We can now run a third simulation where both regions are biased.

Exercise 8: Second biased run with Alanine dipeptide

#SETTINGS MOLFILE=user-doc/tutorials/trieste-3/aladip/aladip.pdb
# vim:ft=plumed
MOLINFO STRUCTURE=aladip.pdb

phi: TORSION ATOMS=@phi-2
psi: TORSION ATOMS=@psi-2


MATHEVAL ...
ARG=phi 
LABEL=tripleg
FUNC=exp(k1*cos(x-a1))+exp(k2*cos(x-a2))+exp(k3*cos(x+a3))
PERIODIC=NO
... MATHEVAL

b: BIASVALUE ARG=tripleg

__FILL__

ENDPLUMED

With this third simulation it should be possible to visit both regions as a function on the phi torsion.

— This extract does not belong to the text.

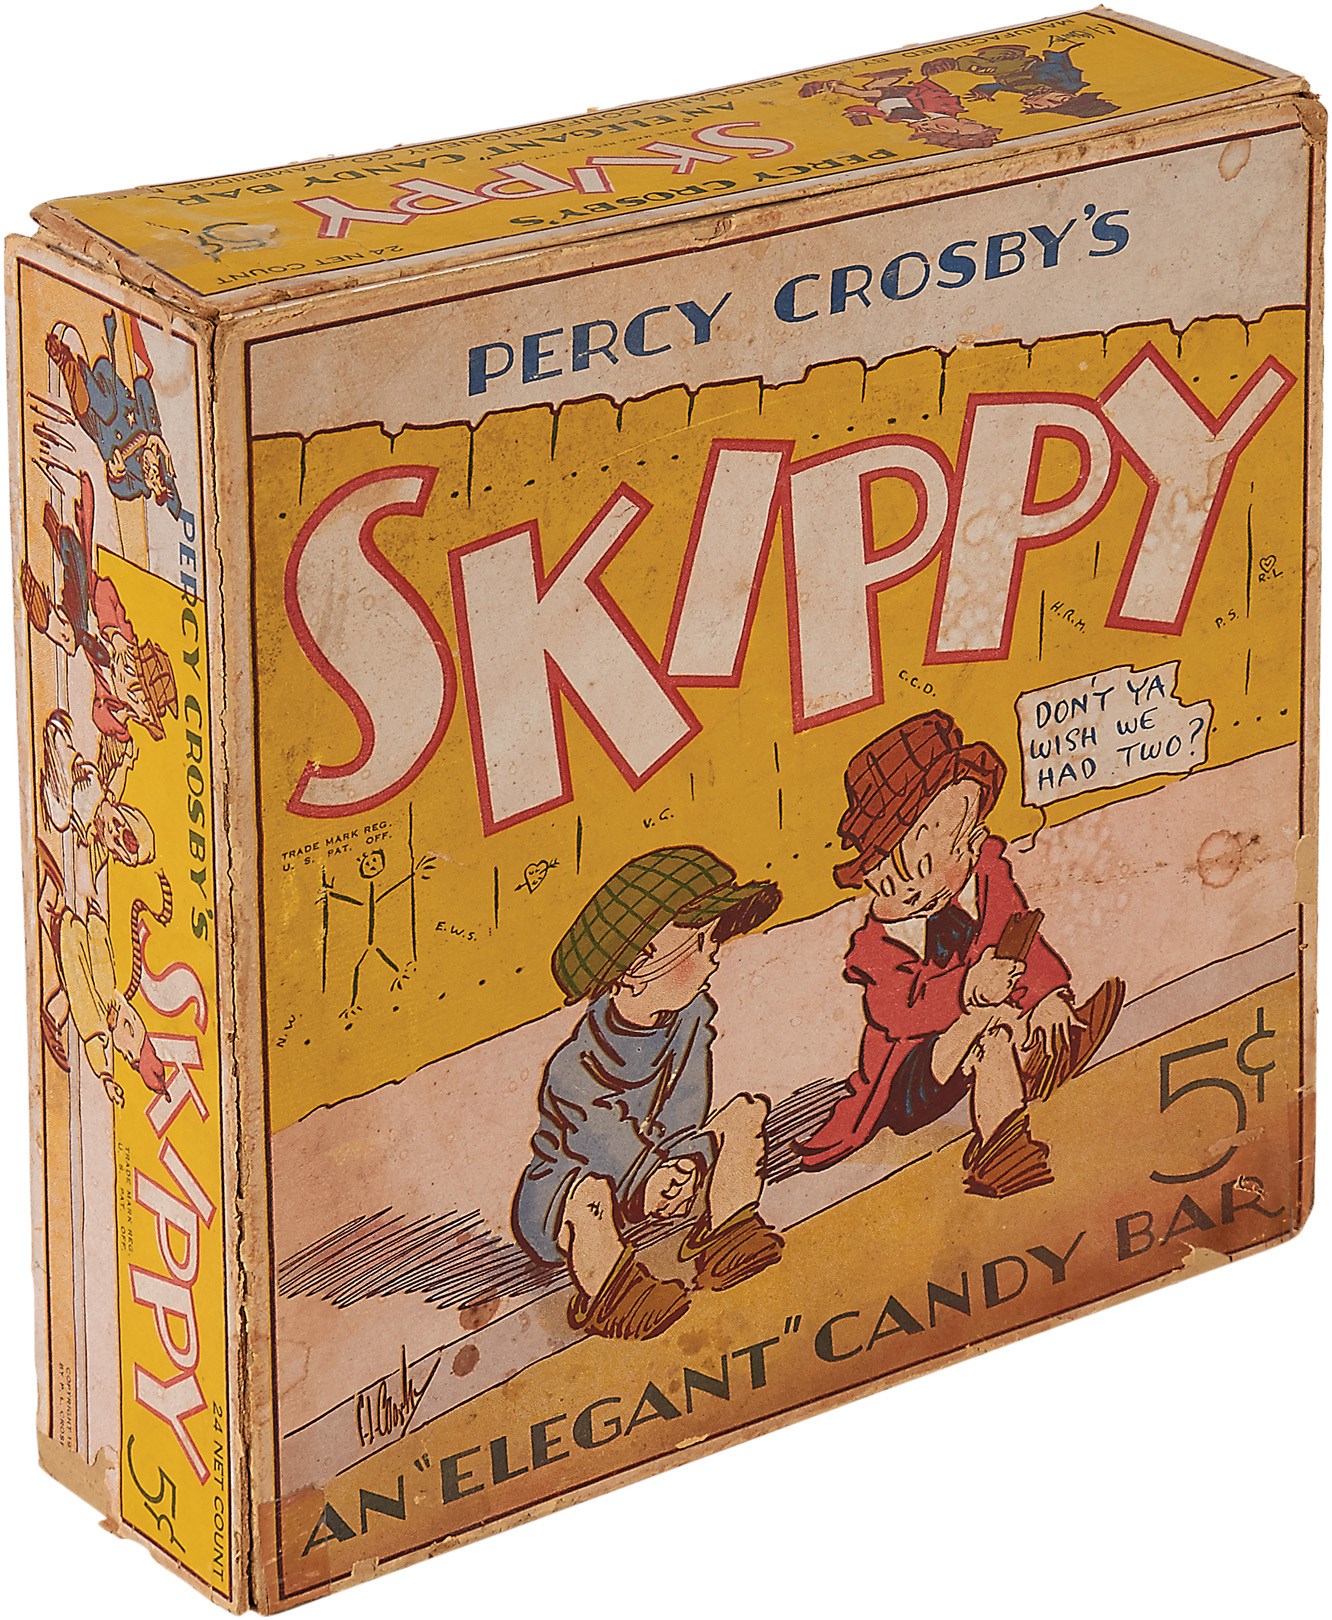 - 1931 Percy Crosby Skippy "Elegant Candy" Bar Display Box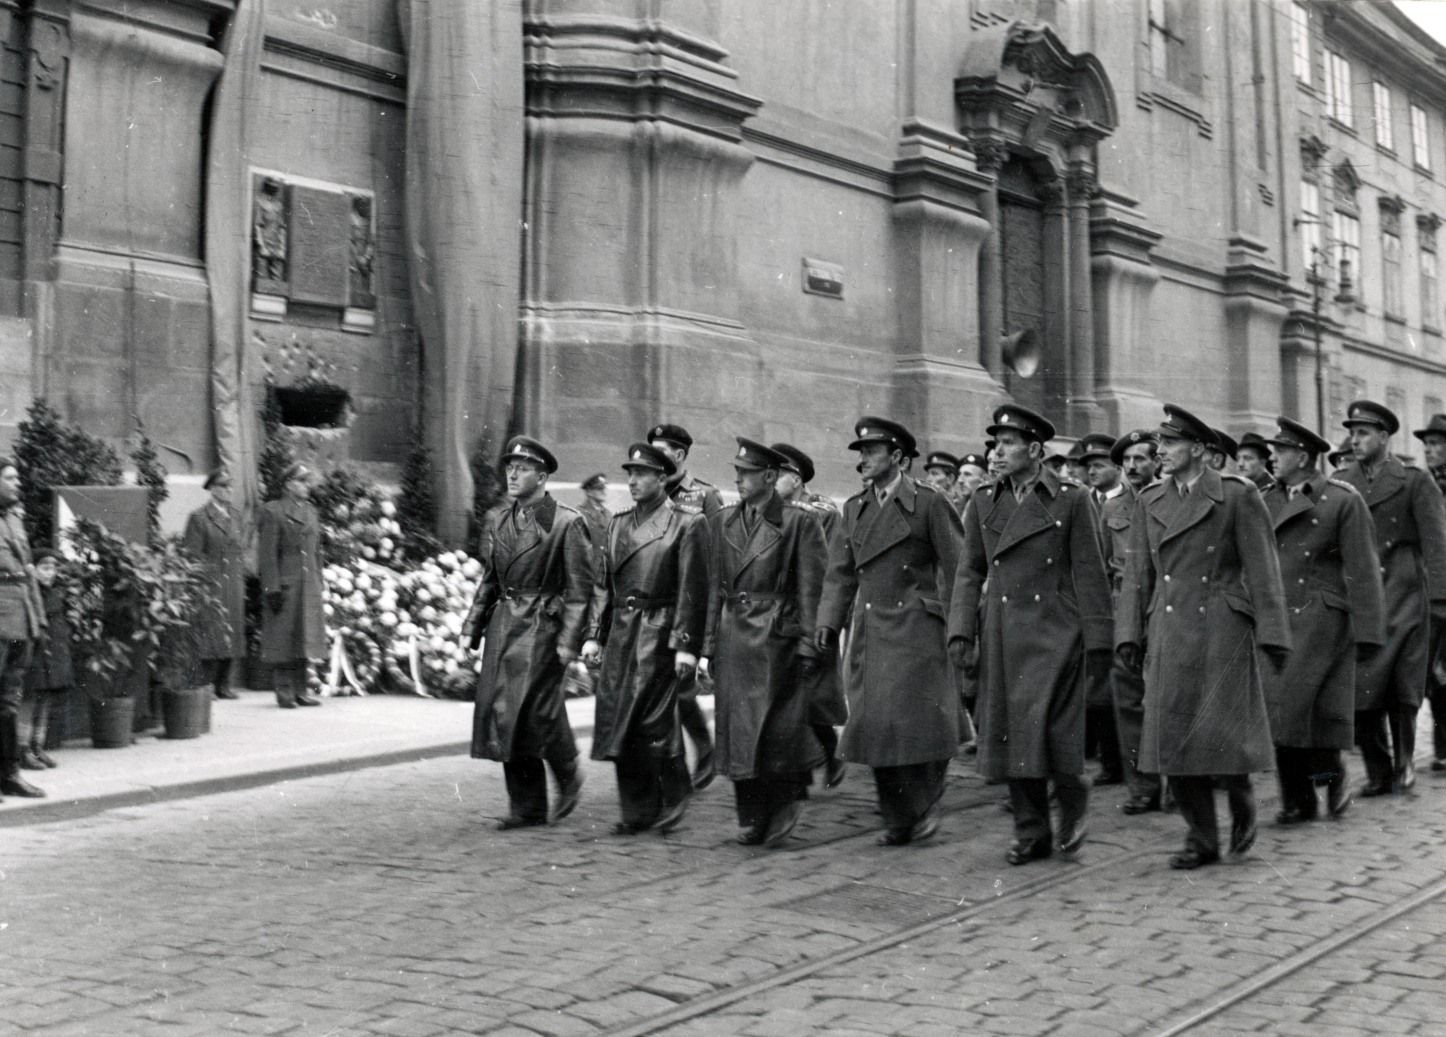 Parašutisté v Česku za války

Now it is possible to reweight the sampling and obtain a better free energy estimate along phi.

#SETTINGS MOLFILE=user-doc/tutorials/trieste-3/aladip/aladip.pdb
# vim:ft=plumed
MOLINFO STRUCTURE=aladip.pdb

phi: TORSION ATOMS=@phi-2
psi: TORSION ATOMS=@psi-2

MATHEVAL ...
ARG=phi 
LABEL=tripleg
FUNC=__FILL__
PERIODIC=NO
... MATHEVAL

b: BIASVALUE ARG=tripleg
as: REWEIGHT_BIAS TEMP=298
hhphi: HISTOGRAM ARG=phi STRIDE=10 GRID_MIN=-pi GRID_MAX=pi GRID_BIN=600 BANDWIDTH=0.05 LOGWEIGHTS=as
hhpsi: HISTOGRAM ARG=psi STRIDE=10 GRID_MIN=-pi GRID_MAX=pi GRID_BIN=600 BANDWIDTH=0.05 LOGWEIGHTS=as
ffphi: CONVERT_TO_FES GRID=hhphi TEMP=298
ffpsi: CONVERT_TO_FES GRID=hhpsi TEMP=298

DUMPGRID GRID=ffphi FILE=ffphi.dat
DUMPGRID GRID=ffpsi FILE=ffpsi.dat

PRINT ARG=phi,psi FILE=colvar.dat STRIDE=10

If you have time you can extend this in two-dimensions using at the same time the phi and psi collective variables.